YOUR INSTRUCTIONS: Return the complete listing exactly as it reads, with each picture removed.

COLLECTED MATERIAL:
<<<<

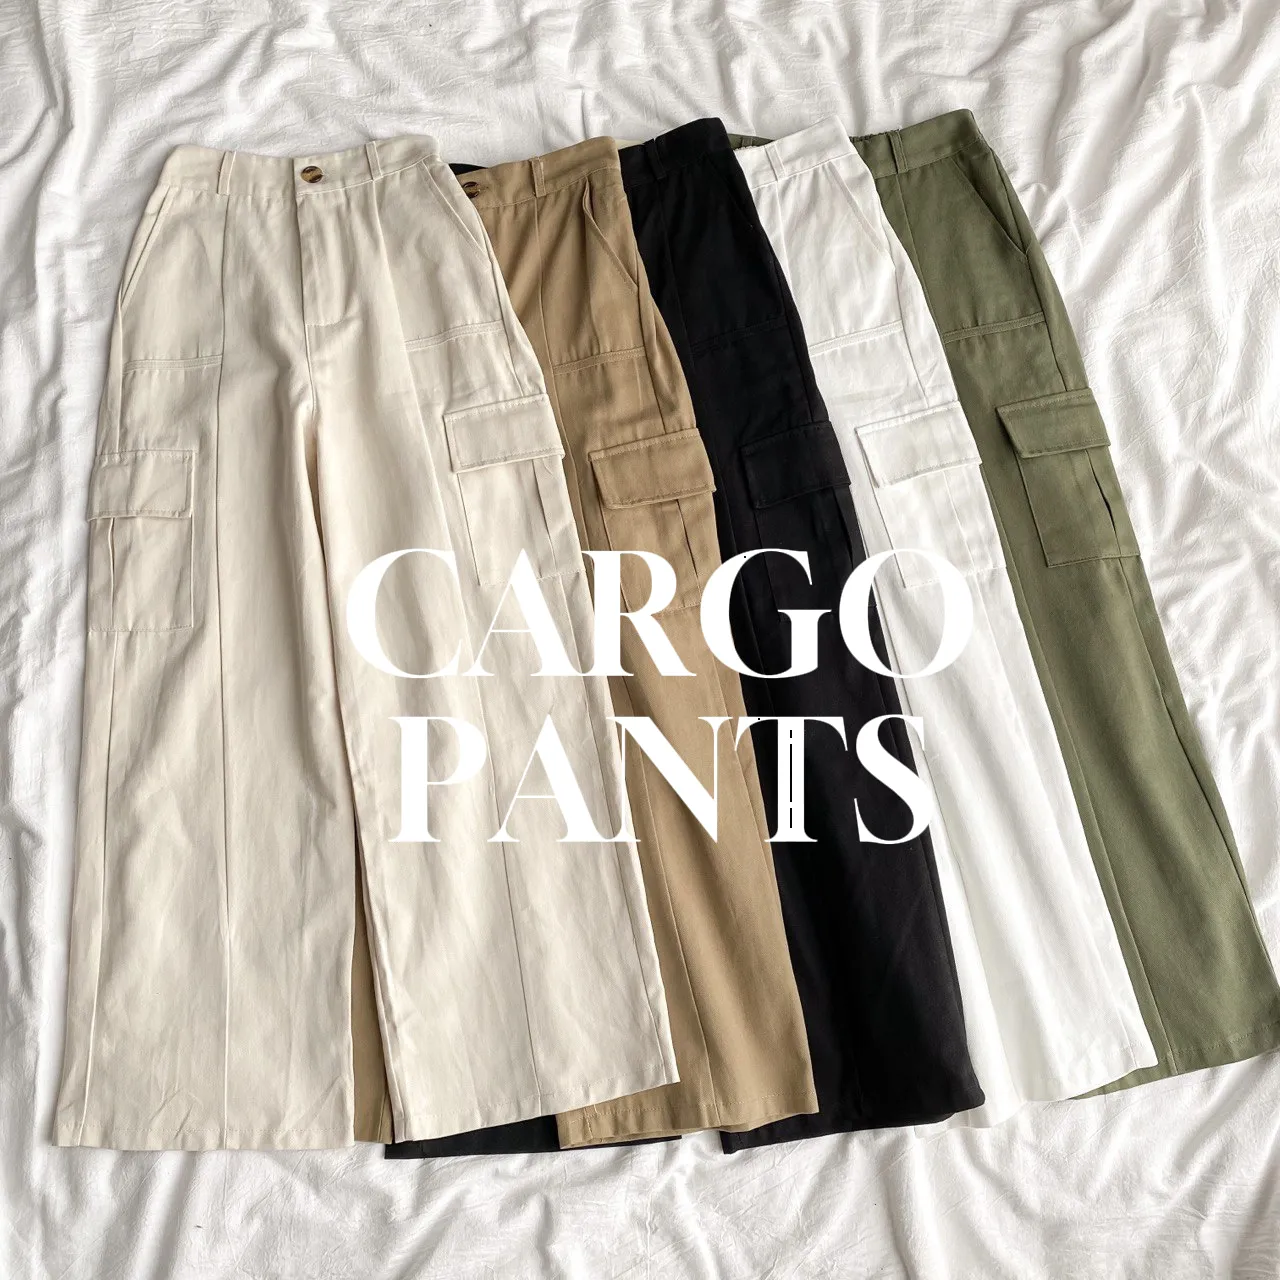 CARGO PANTS 👖 | Gallery posted by bajuraya_gadis | Lemon8
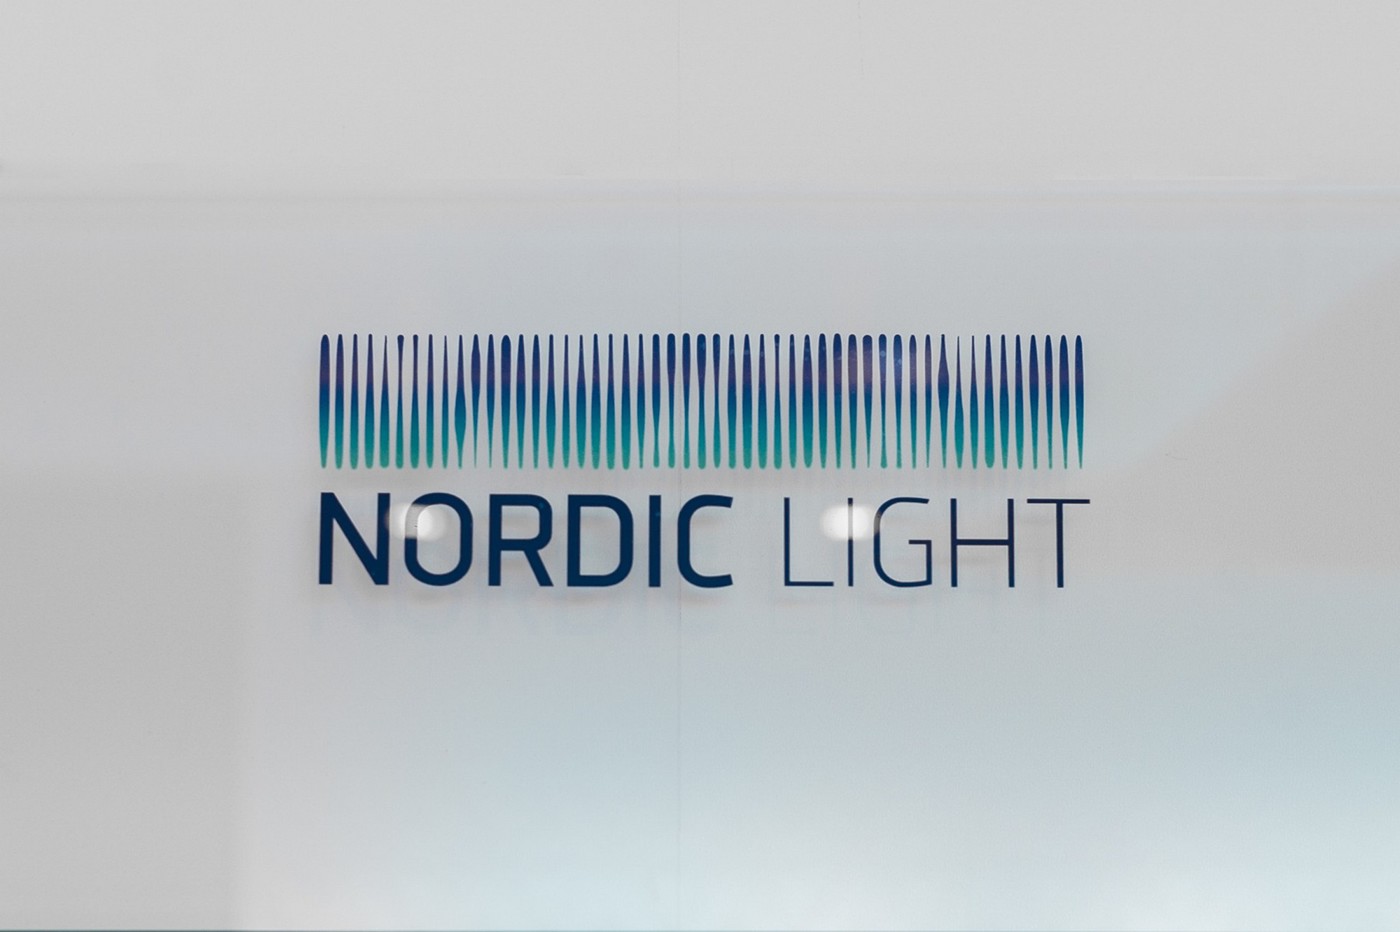 wayfinding nordic light Remion design expert budapest system pos Signage
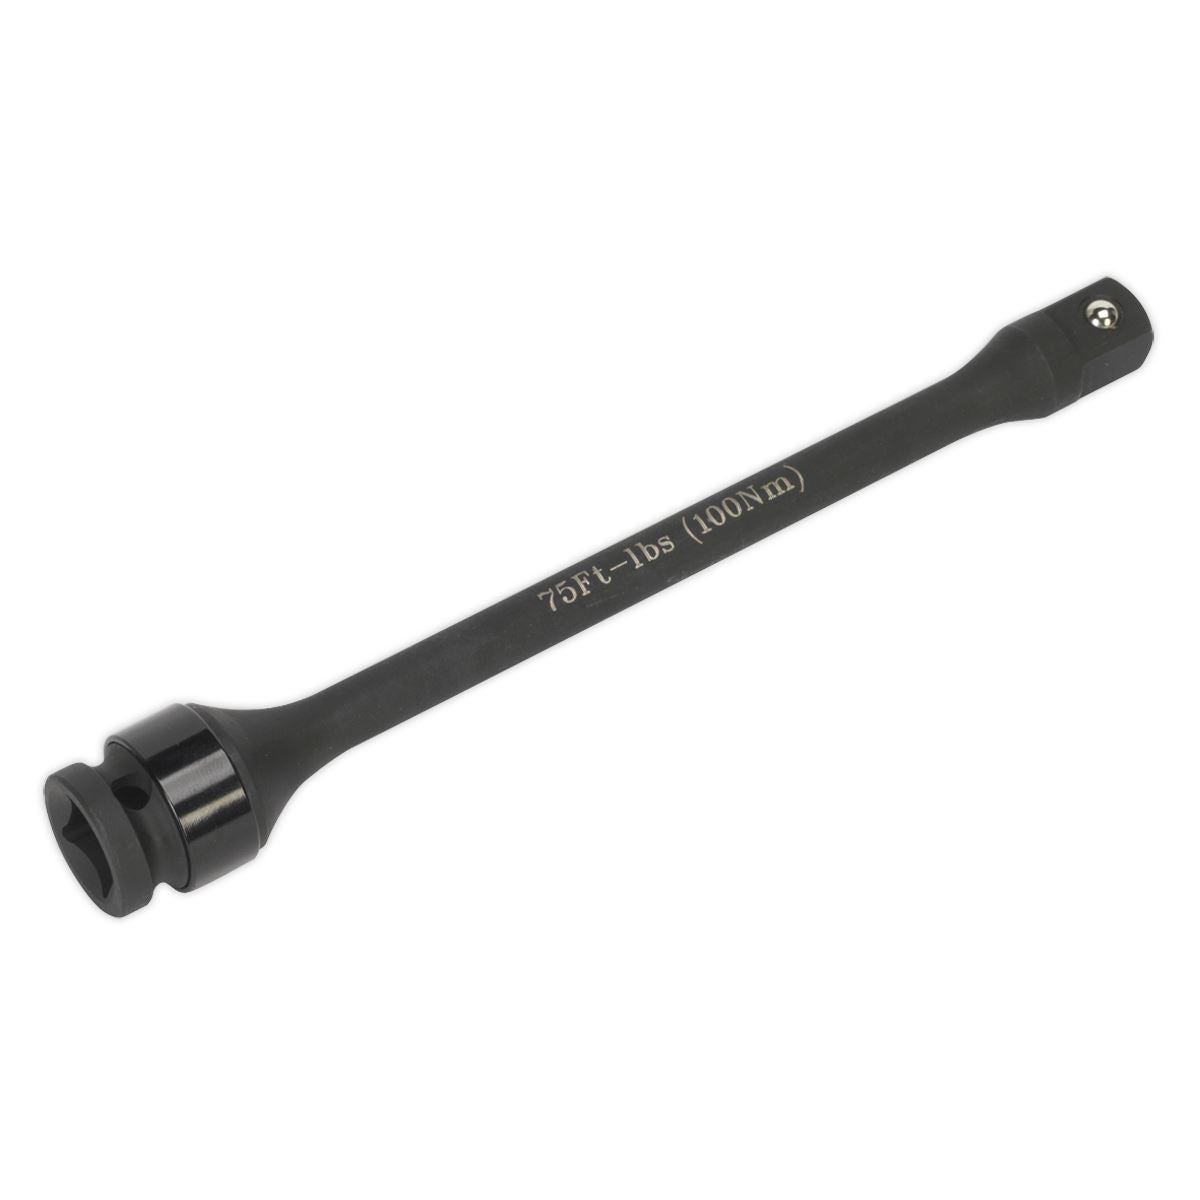 Sealey Torque Stick 1/2"Sq Drive 100Nm
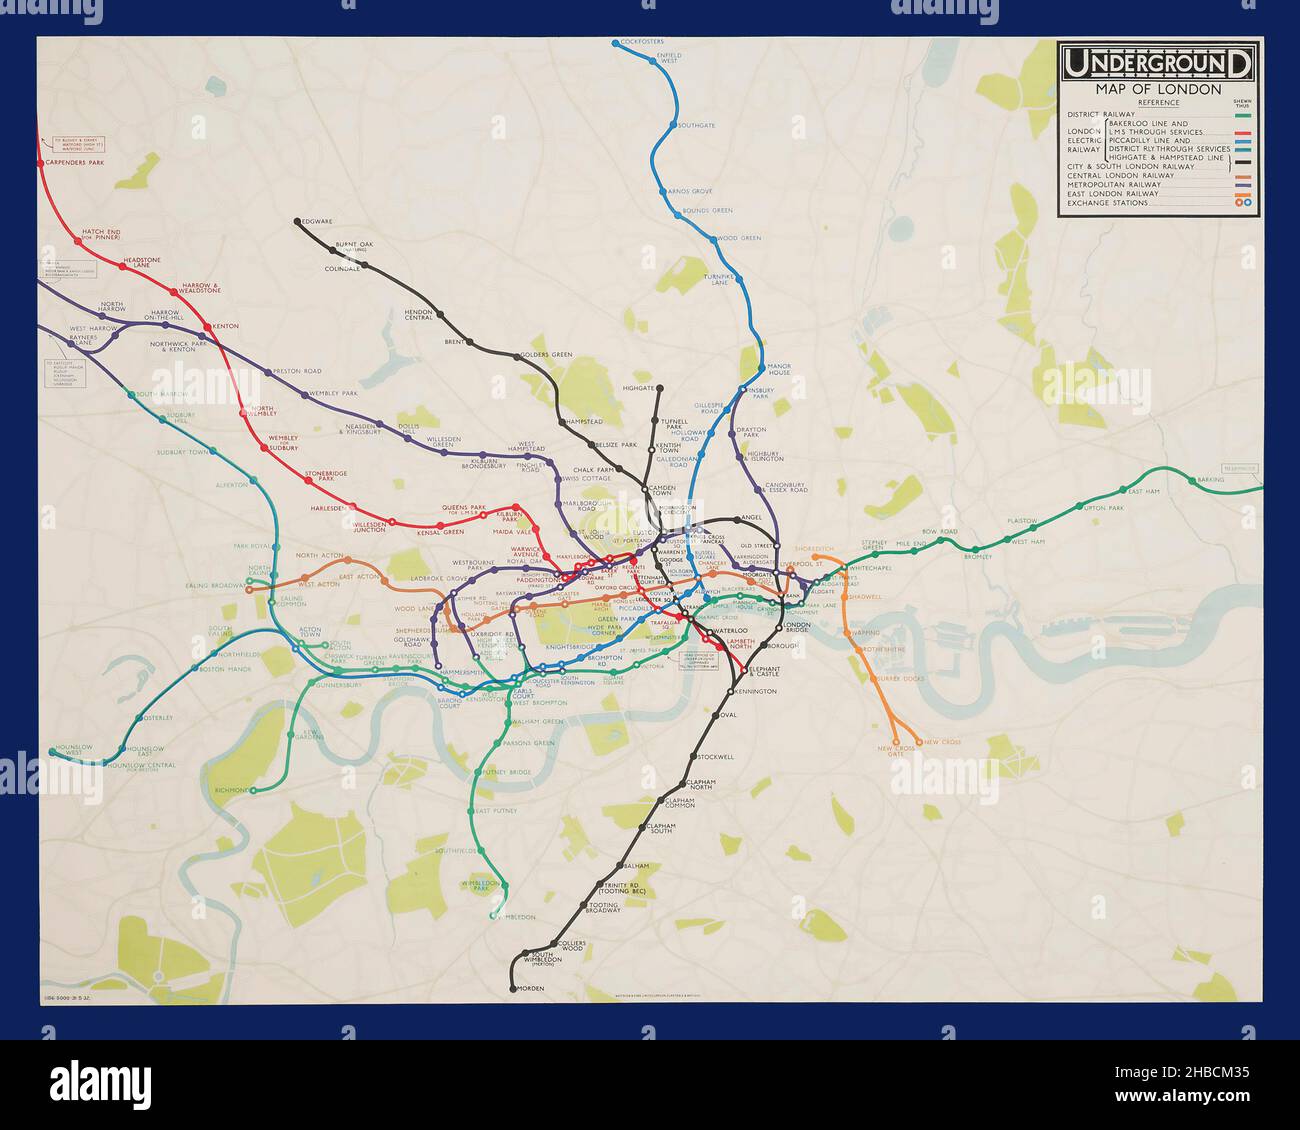 F. H. Stingemore (1890-1954) UNDERGROUND MAP OF LONDON - Vintage advertisement for London transport system, London Underground 1932 Stock Photo

>>>>

SOLUTION TO THIS EXERCISE:
 CARGO PANTS 👖 | Gallery posted by bajuraya_gadis | Lemon8
 wayfinding nordic light Remion design expert budapest system pos Signage
 Sealey Torque Stick 1/2"Sq Drive 100Nm
 F. H. Stingemore (1890-1954) UNDERGROUND MAP OF LONDON - Vintage advertisement for London transport system, London Underground 1932 Stock Photo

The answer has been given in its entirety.